Errance en Europe pour fuir Poutine.

L’opposante russe Nadezhda Pétrova est arrivée en France où elle a rédigé une demande d’asile politique. Son parcours est une course éperdue en Europe pour fuir le FSB et l’extrême droite. La France doit lui accorder l'asile.

Nadezhda Pétrova auprès du mémorial Boris Nemtsov © Nadezhda Pétrova Nadezhda Pétrova auprès du mémorial Boris Nemtsov © Nadezhda Pétrova
Nadezhda Pétrova a rédigé ainsi sa demande d’asile en France : « Les harcèlements que j’ai subis en Russie en raison de mes activités humanitaires et politiques m’ont contrainte à quitter précipitamment mon pays. La totalité de mes camarades restés en Russie est actuellement emprisonnée. Leur nombre est estimé à 50 personnes. Certains ont déjà été condamnés à de lourdes peines. Les autres attendent un jugement. Ils sont passibles de 20 ans de prison.

Le 3 août 2018, le tribunal de régional « Méchansky » à Moscou m’a déclaré « terroriste » et m’a arrêtée par contumace. Je suis passible de la prison à vie.

Le 7 août 2018, l’agence TASS a communiqué : « Le coordinateur du mouvement “Artpodgotovka” (interdit en Russie), Nadezhda Petrova, est accusé d’avoir organisé des activités terroristes ». Déclaration faite par la porte-parole du tribunal, Youla Kotomina. Un mandat d’arrêt international a été lancé à l’encontre de Nadezhda Petrova. L’agence TASS poursuit : « En juin 2017, le leader de « Artpodgotovka », Viasheslav Maltsev, a été inculpé pour avoir incité publiquement à commettre des actes extrémistes. Il a été arrêté par contumace. Un mandat d’arrêt international a été lancé contre Viasheslav Maltsev.

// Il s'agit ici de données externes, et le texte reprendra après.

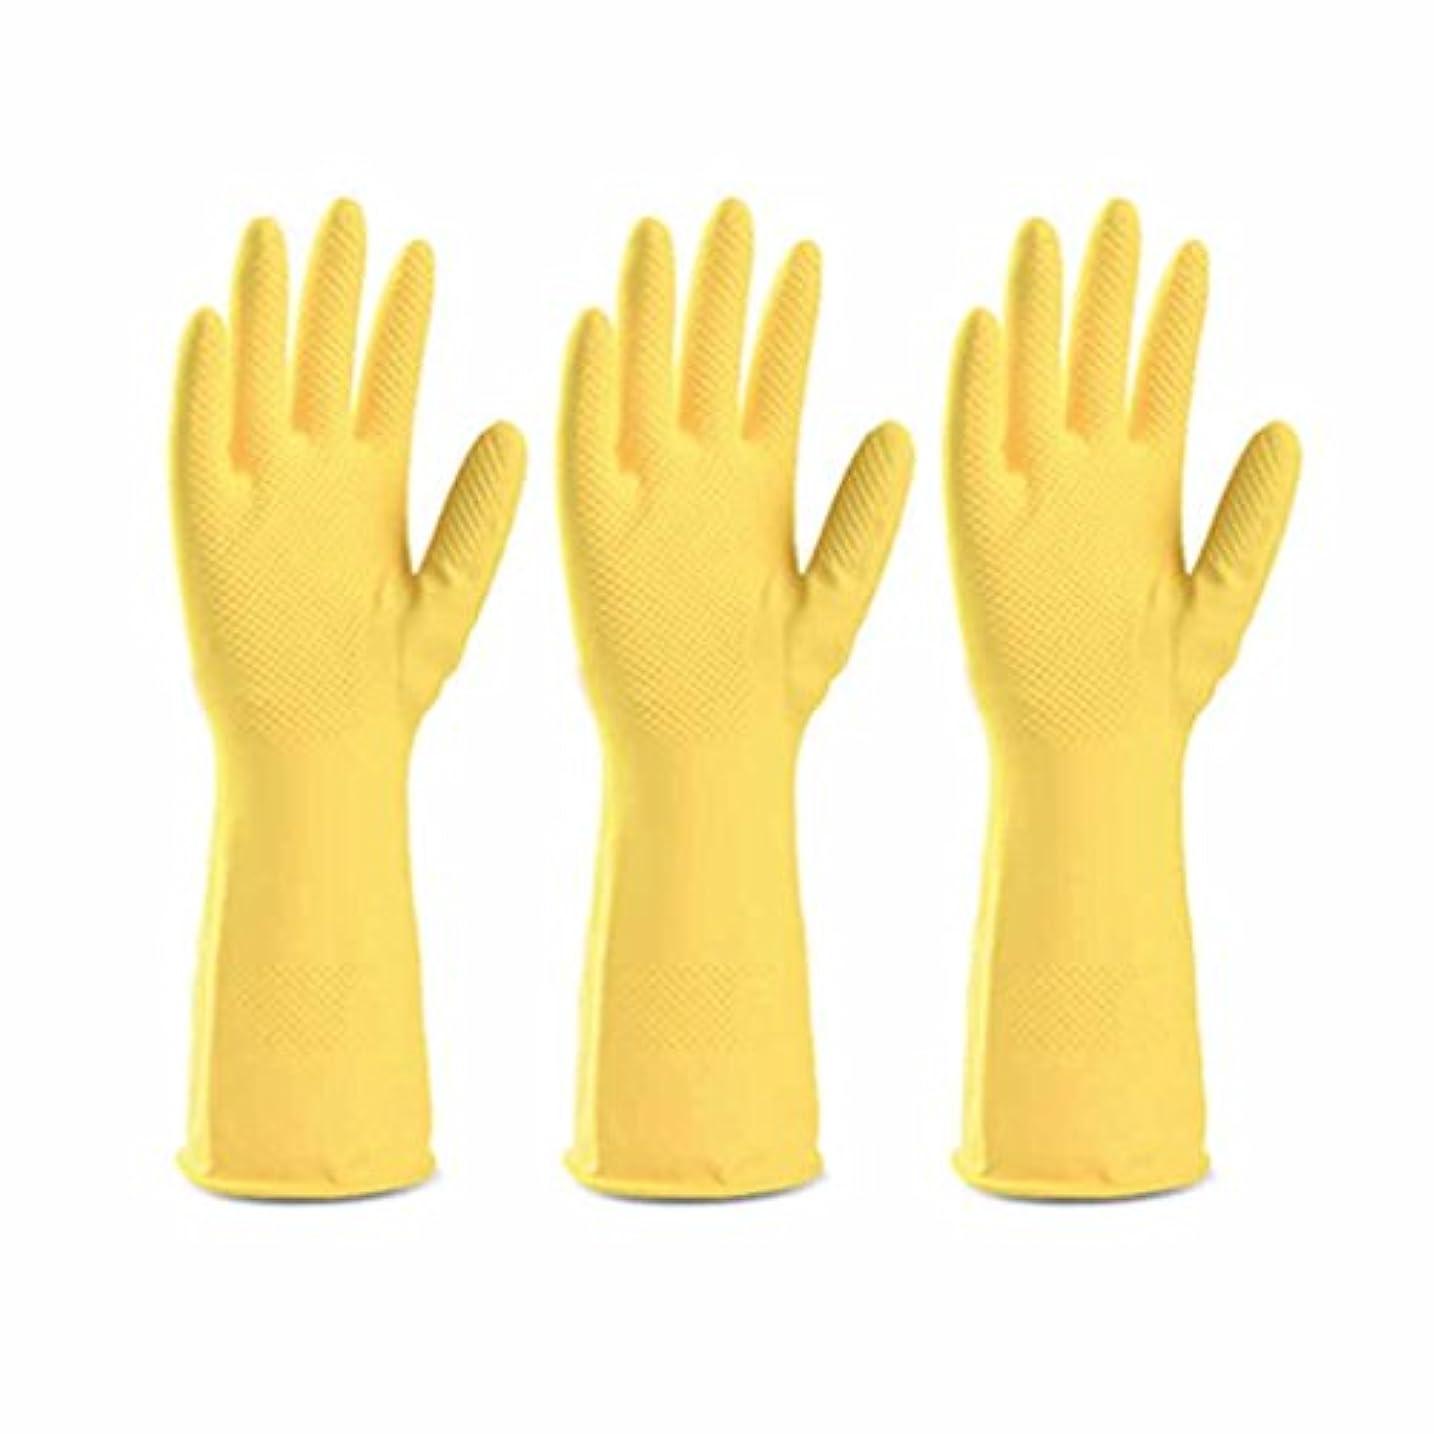 癒す感度悪夢使い捨て手袋 イエローラテックスノンスリップ耐久手袋キッチン多機能防水、オイル手袋 (Size : Three pairs)

Le 10 novembre 2017, le tribunal de régional « Méchansky » à Moscou a confirmé les inculpations de André Tolkatchev, Youri Korny, André Keptia, Alexandre Svishtchev, Viasheslav Maltsev et Nadezhda Pétrova. Les trois premières personnes de cette liste sont actuellement emprisonnées en Russie. Alexandre Svishtchev s’est réfugié en Lettonie et Viasheslav Maltsev en France.

Le 5 novembre 2017, j’ai été arrêtée avec mon mari Gennadi Esaulov sur la place du Manège à Moscou. Mon époux a été conduit au commissariat central et moi j’ai été amenée à Lubyanka. Il m’a été interdit de prévenir mon avocat. J’ai été interrogée en l’absence de ce dernier par les « agents de prévention du terrorisme ». J’ai subi une fouille. Ces derniers m’ont relâchée vers 21 heures, mais leurs collègues du « centre de lutte contre l’extrémisme » m’attendaient dehors. Je n’ai pu franchir plus de 200 mètres hors de Lubyanka et j’ai été arrêtée de nouveau sans explication par les agents de « centre de lutte contre l’extrémisme ». Ils m’ont conduite dans un commissariat périphérique. Une personne des services secrets se tenait en permanence à côté de moi pour observer chacun de mes mouvements et conversations. Sans accusation et sans explication, j’ai été emprisonnée 48 heures.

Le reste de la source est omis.